The positions of the first and sixth digits in the number 5109238674 are interchanged, the positions of the second and seventh digits are interchanged, the positions of the third and eighth digits are interchanged, and so on. After this rearrangement, which digit will be the third digit from the right end of the new number?

Introduction / Context:
This question involves a specific pattern of interchanging digits in a long number and then identifying the digit at a particular position after the rearrangement. It tests attention to detail and the ability to follow a structured swap of positions correctly across the entire number.

Given Data / Assumptions:

• Original number: 5109238674.
• Digits are numbered from left to right as positions 1 to 10.
• Position 1 is swapped with position 6, position 2 with position 7, position 3 with position 8, position 4 with position 9, and position 5 with position 10.
• We must determine the third digit from the right end after all these swaps are done.

Concept / Approach:
The procedure is to write the positions and digits clearly, perform each indicated swap exactly once, and then read off the resulting number. Once the new number is known, counting from the right to find the third digit is straightforward. Careful bookkeeping of each interchange is important to avoid confusion or double swapping the same pair.

Step-by-Step Solution:
Step 1: Write the digits with their positions from left to right: 1:5, 2:1, 3:0, 4:9, 5:2, 6:3, 7:8, 8:6, 9:7, 10:4. Step 2: Swap positions 1 and 6: digits 5 and 3 are interchanged. Now positions are 1:3, 2:1, 3:0, 4:9, 5:2, 6:5, 7:8, 8:6, 9:7, 10:4. Step 3: Swap positions 2 and 7: digits 1 and 8 are interchanged. New positions: 1:3, 2:8, 3:0, 4:9, 5:2, 6:5, 7:1, 8:6, 9:7, 10:4. Step 4: Swap positions 3 and 8: digits 0 and 6 are interchanged. New positions: 1:3, 2:8, 3:6, 4:9, 5:2, 6:5, 7:1, 8:0, 9:7, 10:4. Step 5: Swap positions 4 and 9: digits 9 and 7 are interchanged. New positions: 1:3, 2:8, 3:6, 4:7, 5:2, 6:5, 7:1, 8:0, 9:9, 10:4. Step 6: Swap positions 5 and 10: digits 2 and 4 are interchanged. Final arrangement: 1:4, 2:8, 3:6, 4:7, 5:4, 6:5, 7:1, 8:0, 9:9, 10:2. Step 7: The new number is 4867451092. Step 8: Count from the right: from rightmost, 1st digit is 2, 2nd digit is 9, 3rd digit is 0. Step 9: Therefore, the third digit from the right end is 0.

Verification / Alternative check:
You can verify by writing the final number again and labeling the positions from the right. From the right, positions are 1:2, 2:9, 3:0, 4:1, 5:5, 6:4, 7:7, 8:6, 9:8, 10:4. The third position from the right is indeed 0, confirming that no swap was misapplied.

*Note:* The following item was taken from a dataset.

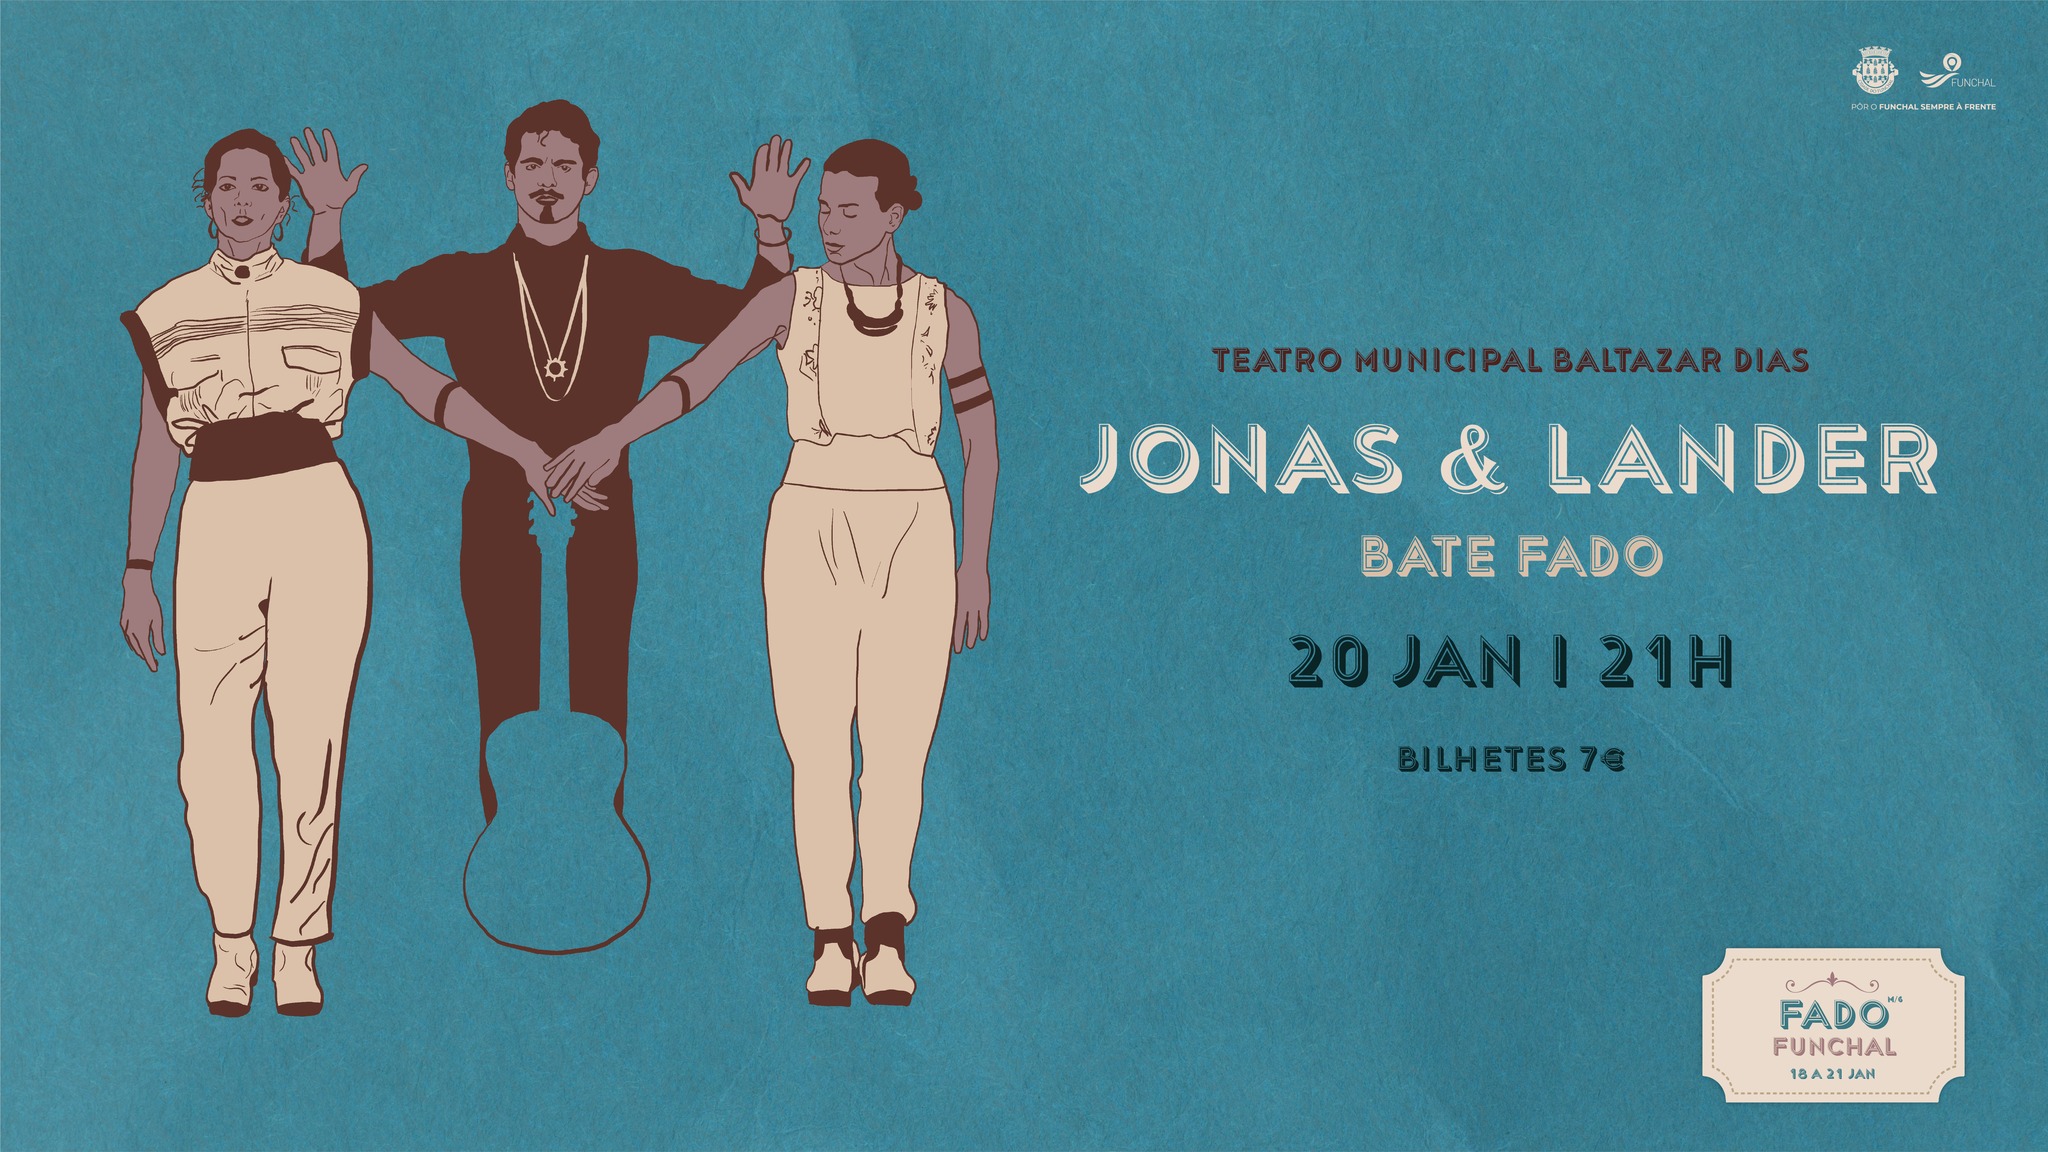 Fado Funchal - Bate Fado - Jonas & Lander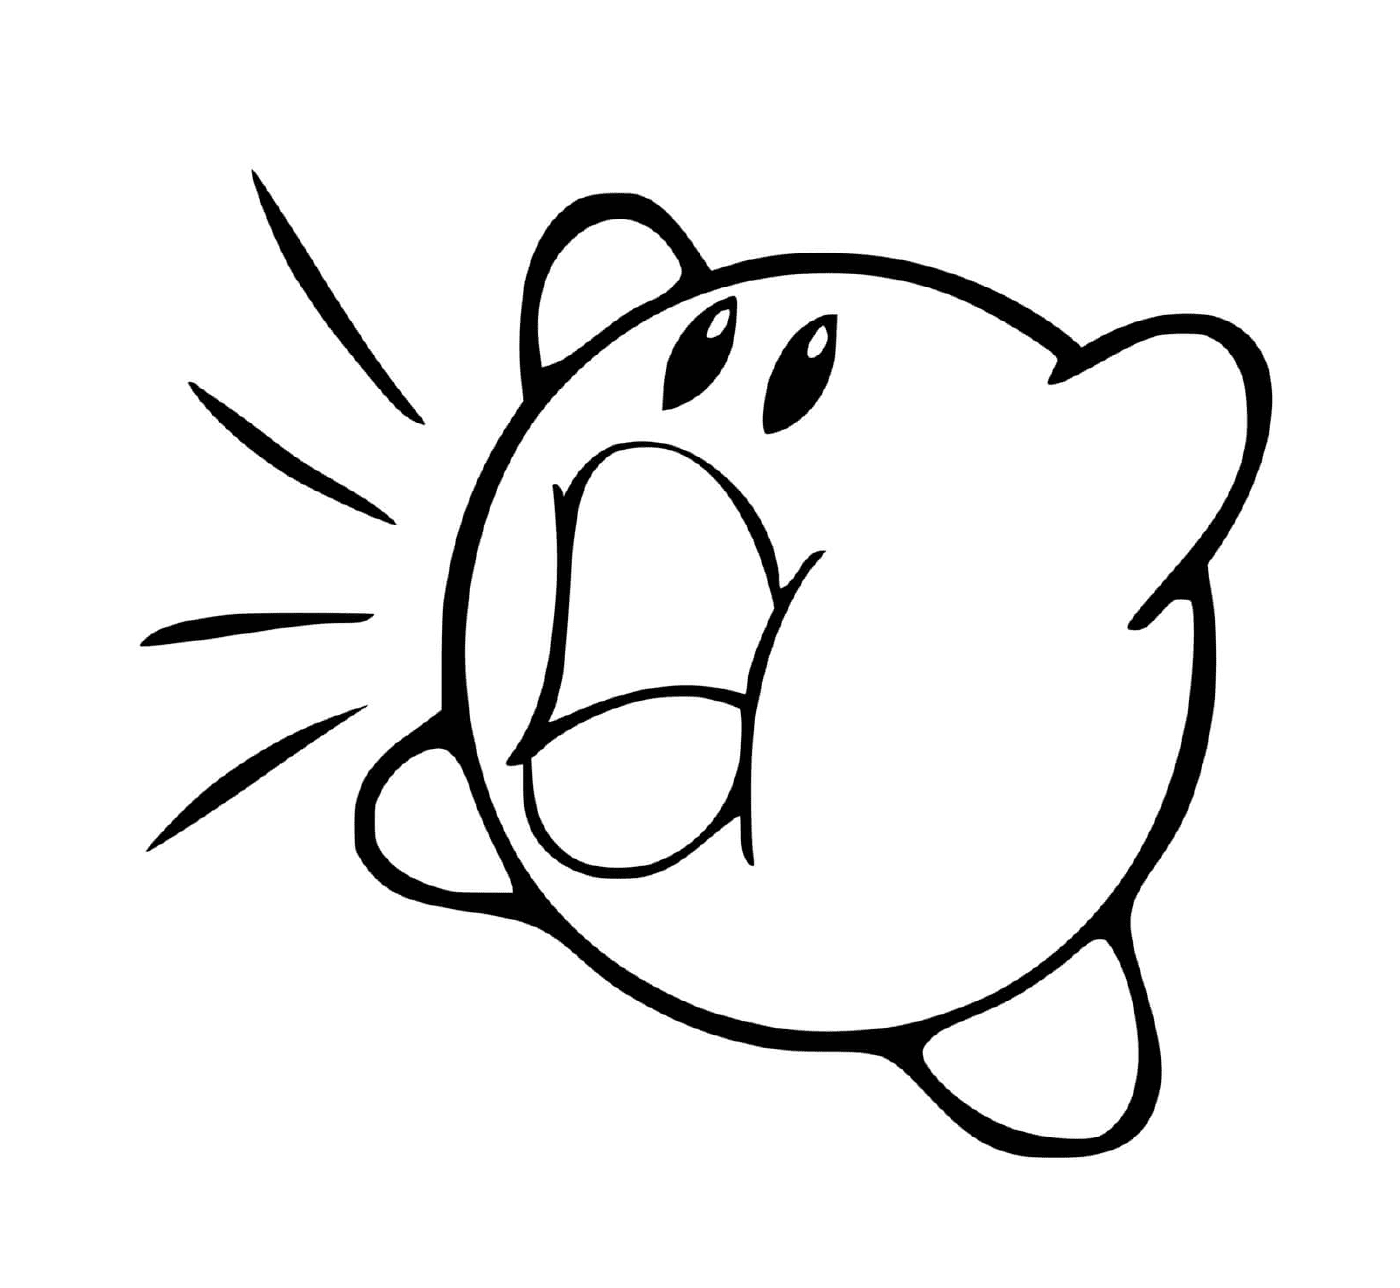   Kirby avale tout sur son passage

Why Other Options Are Wrong:
9 and 6 appear close to the right end but are the second and fourth digits from the right, not the third. 3 does not appear near the relevant position in the final arrangement.

Common Pitfalls:
Mistakes usually occur when a pair is swapped twice or when positions are misnumbered. Another error is to forget that the question asks for the third digit from the right, not from the left. Drawing a simple positional table and carefully marking each swap helps avoid these common errors.

Final Answer:
The third digit from the right end after the rearrangement is 0.